Symmetric-key encryption can use either stream or block ciphers:
- Stream ciphers. Encrypts data as a continuous stream of bits or bytes, one at a time, using a pseudorandom keystream (a sequence of bytes or bits generated by the algorithm using a secret key).
- Block ciphers. Encrypts data in fixed-size blocks, padding the plaintext to achieve a multiple of the block size.
We'll focus on the latter.
The following are some of the basic concepts required to understand this write-up:
- Plaintext: Any readable information presented in a format that is accessible and usable without any decryption, including binary data.
- Ciphertext: The encrypted version of the plaintext.
- Cipher: A cryptographic algorithm used to apply encryption or decryption operations to data.
- Encryption: Turns plaintext into ciphertext by using a cipher and a secret key.
- Decryption: Turns ciphertext into plaintext.
First, install the dependencies.

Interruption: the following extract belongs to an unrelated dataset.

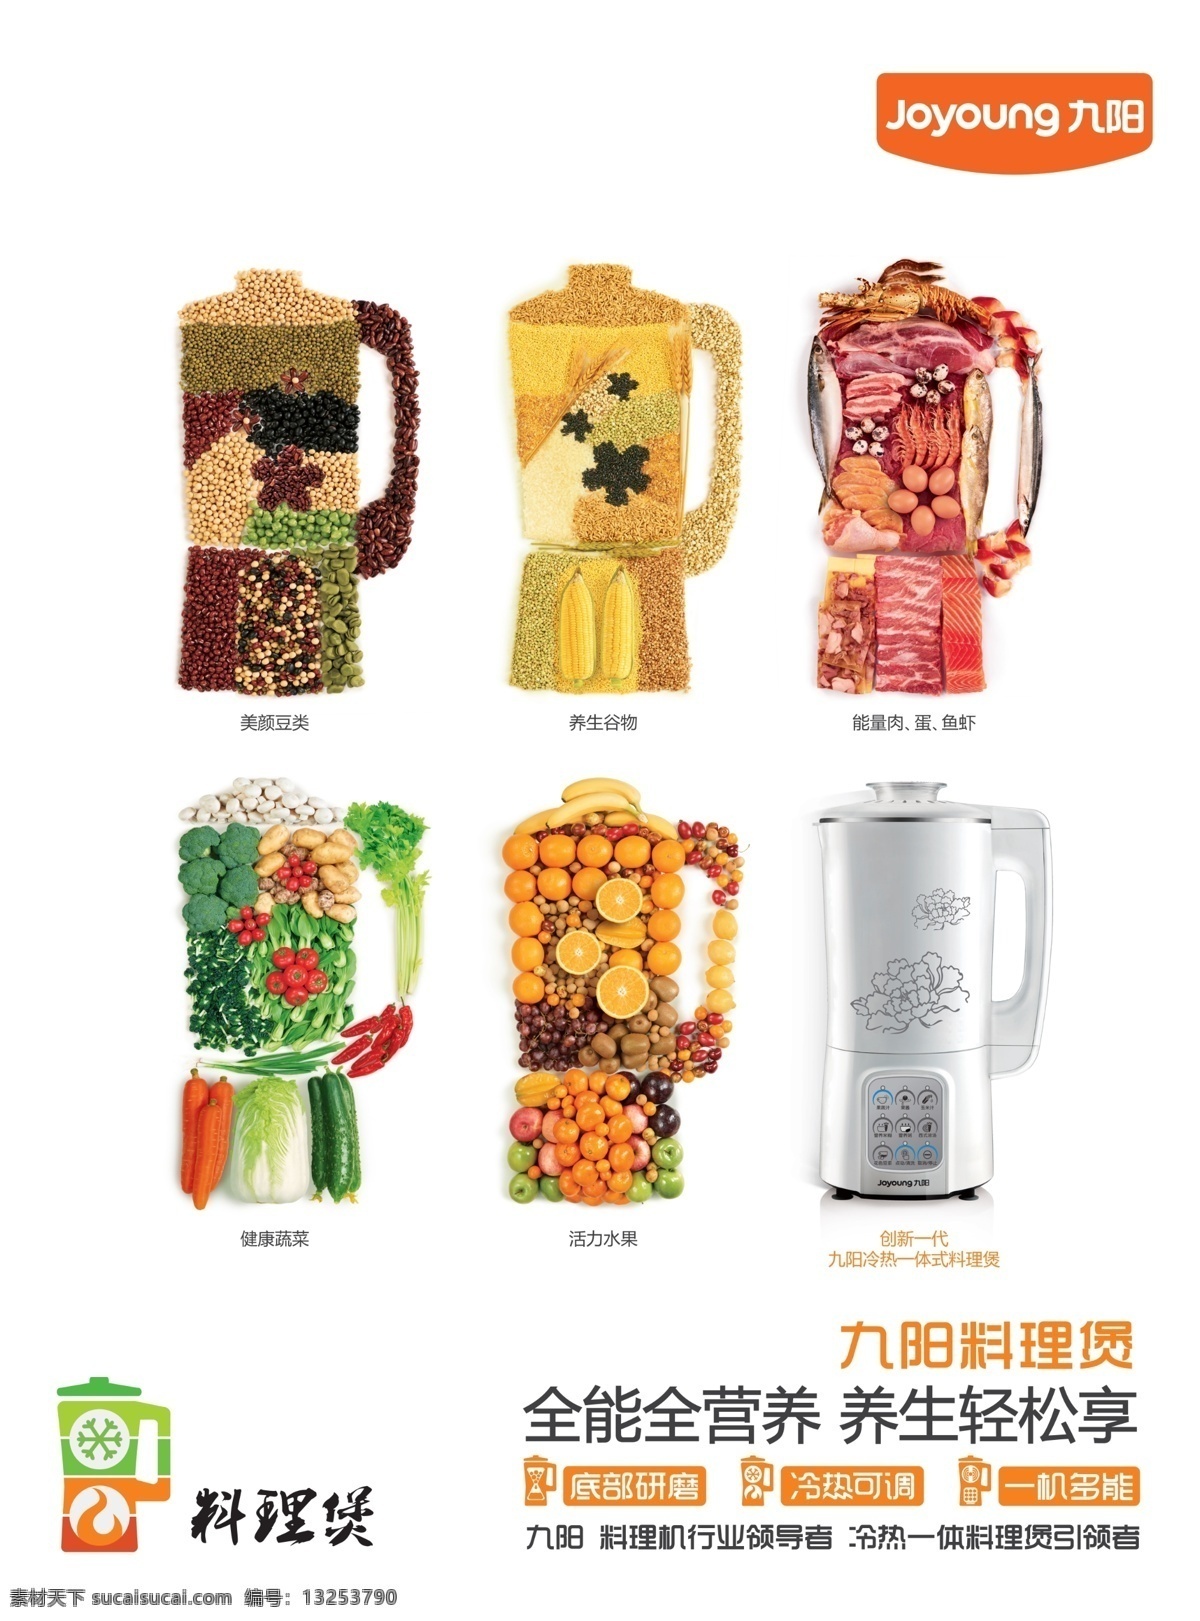 九阳 料理 料理机 料理煲 豆浆机 广告设计模板 源文件
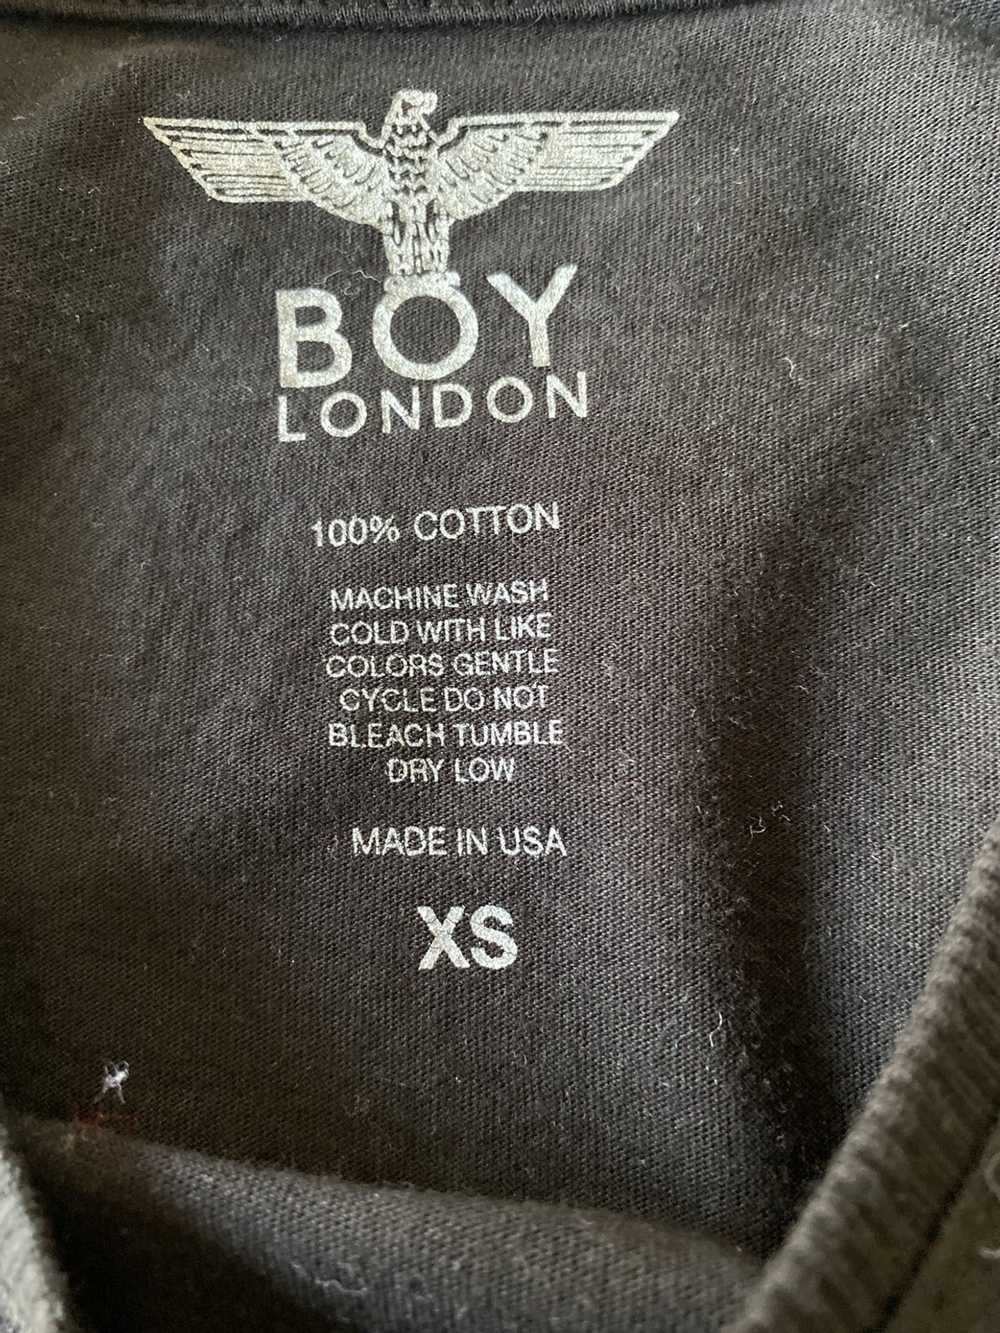 Boy London Boy London Cotton T shirt - image 3

You can do that in a venv:
python3 -m venv .venv
source $(pwd)/.venv/bin/activate # Activates the venv
python3 -r src/requirements.txtOnce installed, you can run the script:
python3 src/main.pyAvailable params:
-p PLAINTEXT,--plaintext PLAINTEXT. Plaintext to encrypt using AES-CBC mode (base64-encoded). If not provided, sample text is used.-c CIPHERTEXT,--ciphertext CIPHERTEXT. AES-CBC ciphertext to decrypt (base64-encoded). If not provided, sample text is used.-i IV,--iv IV. Vector for decrypting the first block (base64-encoded).--use-native-padder. Usecryptography's implementation of the PKCS#7 padder.
If neither the plaintext or ciphertext are provided, the following plaintext will be used:
The truth may be stretched thin, but it never breaks, and it always surfaces above lies, as oils floats on water.
Note that all input strings must be Base64 encoded. As an example, this is how you'd encode the IV:
import base64
base64.b64encode(b'\x12\x87\xff\xaf\xe9kF\xd0\x89\xe0T\x9a\xfb5\xa5{').decode()
# Output: 'Eof/r+lrRtCJ4FSa+zWlew=='To use it:
python3 src/main.py -i 'Eof/r+lrRtCJ4FSa+zWlew=='The repo is structured as follows:
src/main.py: Contains the attack logic.oracle.py: Simulates the server's oracle.pkcs7.py: My own implementation of the PKCS7 padding algorithm.settings.py: Configuration values.requirements.txt
The following values are set in src/settings.py.
BLOCK_SIZE: AES block size in bytes.SAMPLE_TEXT: Default plaintext used when no plaintext or ciphertext is given as input.KEY: Default encryption key.IV: Default IV.
Change them as you see fit.
A block cipher by itself can only securely transform fixed-size blocks of data. To encrypt messages of arbitrary length, we need to use a mode of operation, which defines how to process multiple blocks and handle padding.
Most modes of operations use an Initialization Vector (IV), a unique binary sequence added to the encryption process. The IV adds randomness, ensuring that encrypting the same plaintext with the same key will produce different ciphertexts. This is important to avoid attackers from spotting patterns, making it easier to guess the original message, or find weaknesses in the encryption.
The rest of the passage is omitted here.